Leserbrief zu “Pandemie-Bekämpfung viel zu komplex”

Das Virus ist völlig bio, wir sollten es trotzdem nicht schonen“, Leitartikel von Thomas Kramar, 24.7.

Zum Leidwesen unserer Patienten wird die Diskussion über den Umgang mit Covid-19 zunehmend politisch instrumentalisiert, um eine einfache Demarkationslinie zwischen den Vernünftigen, Wissenschaftsaffinen und den Verschwörungstheoretikern, den esoterischen Extremisten zu ziehen.

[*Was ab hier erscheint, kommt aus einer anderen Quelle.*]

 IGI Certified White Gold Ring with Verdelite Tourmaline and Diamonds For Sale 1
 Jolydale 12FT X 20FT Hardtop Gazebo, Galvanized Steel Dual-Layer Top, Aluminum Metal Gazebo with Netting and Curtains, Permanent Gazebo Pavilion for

Auch hier wird die gängige Meinung reproduziert, um sich auf der richtigen Seite stehen zu sehen. Doch ist die Bekämpfung dieser Pandemie viel zu komplex, um sie schlicht in moralischen, simplifizierenden Urteilen abzuhandeln. Patienten stellen (unabhängig ihrer politischen und weltanschaulichen Ansicht!) zu Recht kritische Fragen hinsichtlich der möglichen Langzeiteffekte der neuen Impfungen und wünschen einen vermehrten Fokus auf die Prophylaxe und die Stärkung des Immunsystems. Dieser Aspekt bleibt völlig unterbelichtet.

Die Homöopathie in die Nähe des Nationalsozialismus zu rücken entspricht diesem Automatismus, bewährte komplementärmedizinische Methoden zu diffamieren. Der Medizinhistoriker R. Jütte zeigte nachweislich auf, dass die Homöopathie keinen Platz im nationalsozialistischen Gesundheitssystem gefunden hat. In den Nürnberger Ärzteprozessen wurde kein homöopathisch tätiger Arzt verurteilt, wohl aber Chirurgen, Anatomen etc., die im Namen der Wissenschaft wahre Verbrechen gegen die Menschlichkeit ausgeübt hatten.

In groß angelegten Versorgungsstudien aus Frankreich und der Schweiz erwies sich eine Kostenersparnis von 20 Prozent für die Krankenkassen, bei deutlicher Reduktion von Schmerzmitteln und Antibiotika, durch die zusätzliche homöopathische Behandlung durch niedergelassene Allgemeinärzte. Es wäre wünschenswert, wenn die Berücksichtigung solcher Daten und Studien in Zukunft zu einem differenzierteren Journalismus führen würde.